他区区一介草民赚这种名声就是找死,说不定萍安官府一个‘图谋不轨、居心叵测’的大帽子扣下来,他就得完犊子了。
宁岳可以赚取文坛名声,就算是一枝独秀也无不可。可如果赚老百姓的名声,成就民间大善人的名声,那就是离死不远了。
‘万家生佛’这种事情,宁岳不能有交集。
可是这种不义之财该怎么处理才好呢?不然他很有可能会被某些‘劫富济贫’的侠士给打击了。
搞不好命都没了。
至于再输回去?输给善财坊那是不可能的。
至于购置房产铺面倒是没啥问题,但切记不能再添置护院家仆,很容易被心怀不轨之辈鱼目混珠进入宁宅的。
偷点钱还是小事,万一要害他性命就糟糕了。
……
刘豕站出来对着在场的人说道:“大家不要急,我们善财坊绝不会不赔钱的,正所谓开门做生意就得讲究童叟无欺一诺千金,只有我们赤诚相待,才能精诚所至。”

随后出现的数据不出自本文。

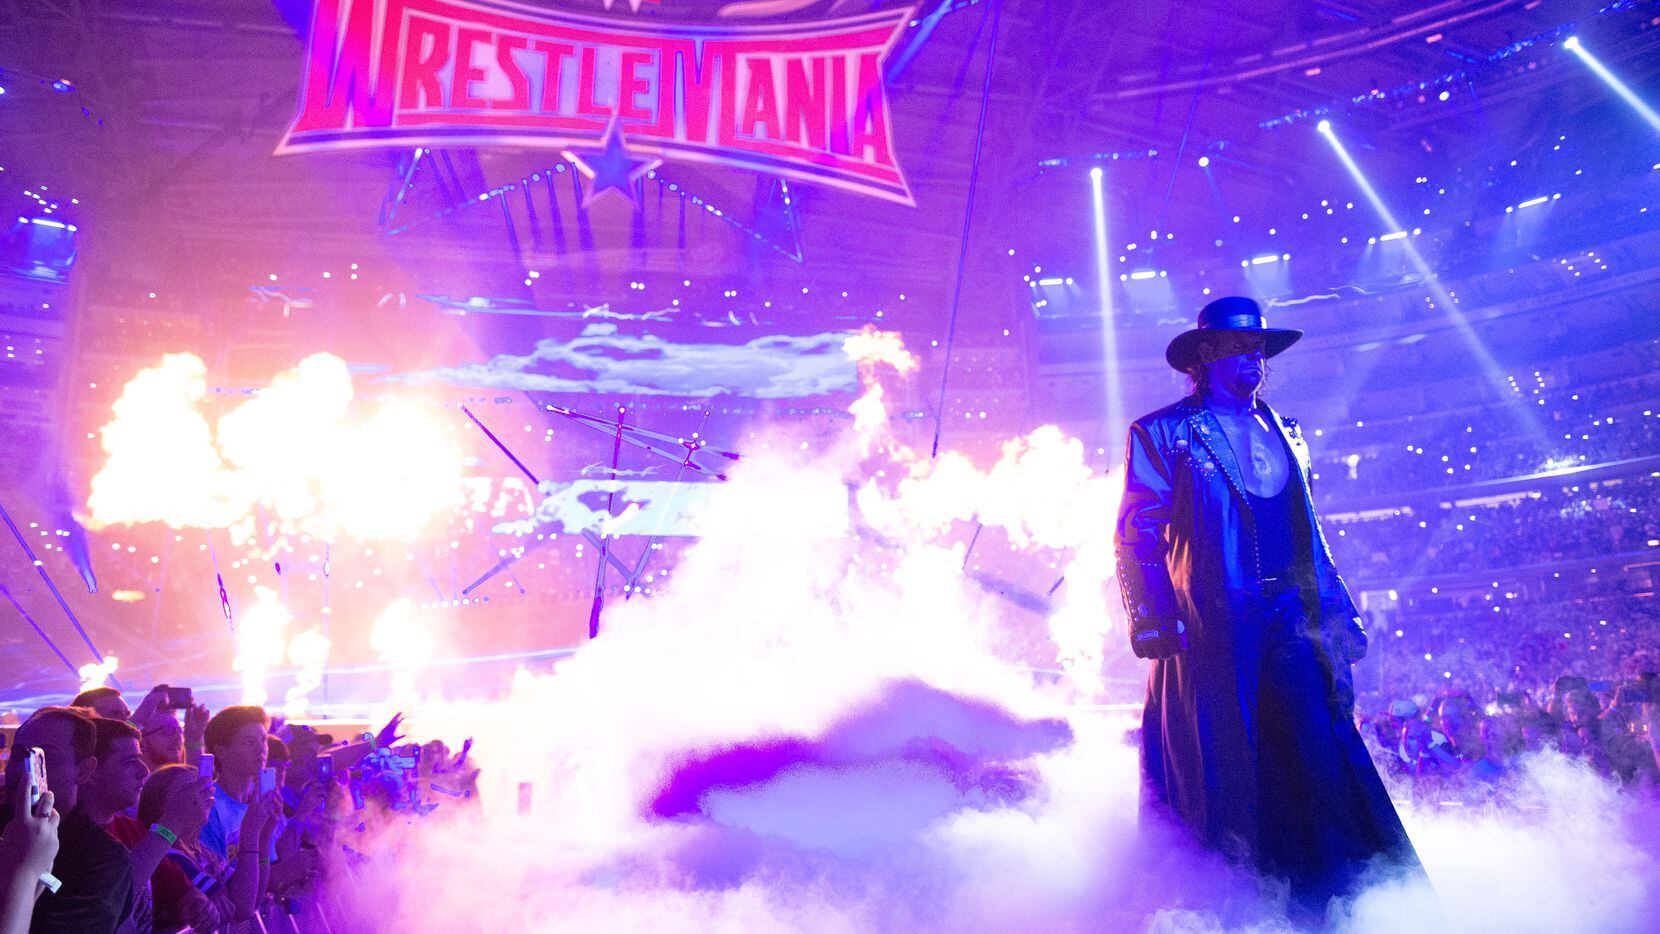 The Undertaker makes his entrance to face Shane McMahon at WrestleMania 32 at AT&T Stadium...

不仅如此,刘豕还趁着赔付钱银的时候,啰嗦了一大堆的废话。
宁岳立马就看出问题了,这个家伙在拖时间。
一般情况下,刘豕不可能这么啰嗦的。
但宁岳也明白,想要继续让他开局是不可能的,那就等吧。反正不赔钱是不可能的,七千二百两一文钱都不能少。
时间慢慢的过去,那些小赌徒的钱银慢慢赔付完了。
耗时一刻钟有余。
之后就剩下宁岳的钱,还有几位巡城司的人。
五位捕头一人十两纹银,那就是五十两。外加上官五十两,加起来纹银一百两。
还有宁岳的七千二百两,其中二百两是给公主府那个家仆的,宁岳可以忽略不计。
…
此时在善财坊后院之中,一位年约五旬的老头坐在上首位置。
而刘豕腆着笑脸站在下首作陪着。
“王管家,事情就是这样了,您老人家怎么看?”
刘豕主子的管家在片刻前已经到了善财坊,就眼睁睁看着刘豕赔付钱银。
此时此刻刘豕是想要甩锅的,毕竟一万多两纹银数额太庞大了。那个老旭子也赔了钱,但比他要少许多呀,更何况地位也比刘豕高。
他不背锅谁背锅?
“哼,还能怎么样,你小子出了事还想害老夫不成?”王管家是什么人?玩权术他可能不懂,可是下人们的尔虞我诈、争风吃醋的手段却是不凡。
他能当上管家,固然是家生子的缘故,但又不是只有一位家生子竞争者呀。他上位了,就说明有很多人被他踩在了脚底下。
刘豕这点不入流的小手段,直接就被他看穿了。可他也很清楚,在大敌当前是不能内部争斗的。
他是来解决问题的,不是来制造内部矛盾的。
反正以后自然会有人收拾刘豕的。
“公主府巡城司的人都插手了,外加我们善财坊输钱了不占理,你敢不赔吗?”
他说完之后,原本站在旁边不开口的赌王老旭子也诉苦了:“王管家,那宁岳的手段太诡异了。”
老旭子的地位比刘豕要高不少,就算是王管家也不能冷眼相对。如果不是遇到宁岳的话,他绝对算是善财坊的镇海神针。